▶ [Your instructions]: Reproduce every line of the listing exactly.

[Opening Collected data section]

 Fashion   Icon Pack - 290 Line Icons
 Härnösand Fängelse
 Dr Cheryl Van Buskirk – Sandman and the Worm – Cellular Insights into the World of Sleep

[Closing Collected data section]

▶ [Task response]:
 Fashion   Icon Pack - 290 Line Icons
 Härnösand Fängelse
 Dr Cheryl Van Buskirk – Sandman and the Worm – Cellular Insights into the World of Sleep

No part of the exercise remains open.